Abnormal subcomplexes of complex V are expected to be seen in mitochondrial translation defects when using Blue Native PAGE. They were not seen in either proband in this report, indicating that there is still enough translation of the two complex V subunits. On oxygen consumptions studies, proband 1 had a decrease in the spare respiratory capacity. Proband 2 had decreased complex 1 activity and increased Q-point (succinate/glutamate ratio), indicative of reduced effective complex I rate. The variable enzymatic test results in the patients with FARS2 deficiency highlight the difficulties in recognizing the mitochondrial dysfunction using traditional enzymatic methods in cultured skin fibroblasts. In known patients with mitochondrial disorders, fibroblasts only detect an enzymatic deficiency in half of the patients [34], illustrating the need for more targeted testing. As shown here, targeted functional testing based on the identified genetic defect of tRNA charging, mitochondrial translation and complex I assembly could clearly identify functional defects, even in fibroblasts. This case illustrates the complementary nature of broad molecular genetic testing and targeted functional analysis of mitochondrial enzymes in the diagnostic evaluation of the patients with suspected mitochondrial disease, even when using fibroblasts as tissue for functional analysis, which can be obtained from a minimally invasive skin biopsy.

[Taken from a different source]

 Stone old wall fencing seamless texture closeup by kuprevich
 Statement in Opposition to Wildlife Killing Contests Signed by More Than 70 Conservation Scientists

In conclusion, we report two patients with three different mutations in FARS2 as well as indirect functional evidence of likely pathogenicity of the mutations. Both subjects had spastic paraplegia and can be added to the group of patients with predominantly spastic paraplegia. We can conclude that FARS2 deficient subjects can be categorized into either an epileptic phenotype or a spastic paraplegia phenotype.
Funding
This work was supported by the support fund Marguerite-Marie Delacroix and the Special Research Fund (BOF) from the Ghent University (grant number BOF.24J.2014.0005.02) (EV). CAP and MM were supported by the Medical Research Council (MRC) (MC_U105697135), UK core funding for the MRC Mitochondrial Biology Unit, University of Cambridge (MC_U105697135). SV was supported by a postdoctoral fellowship of the Fund for Scientific Research Flanders (FWO). JVH, MFW, KK, and AL were supported by Miracles for Mito, Summits for Samantha and the Children's Hospital Colorado Foundation.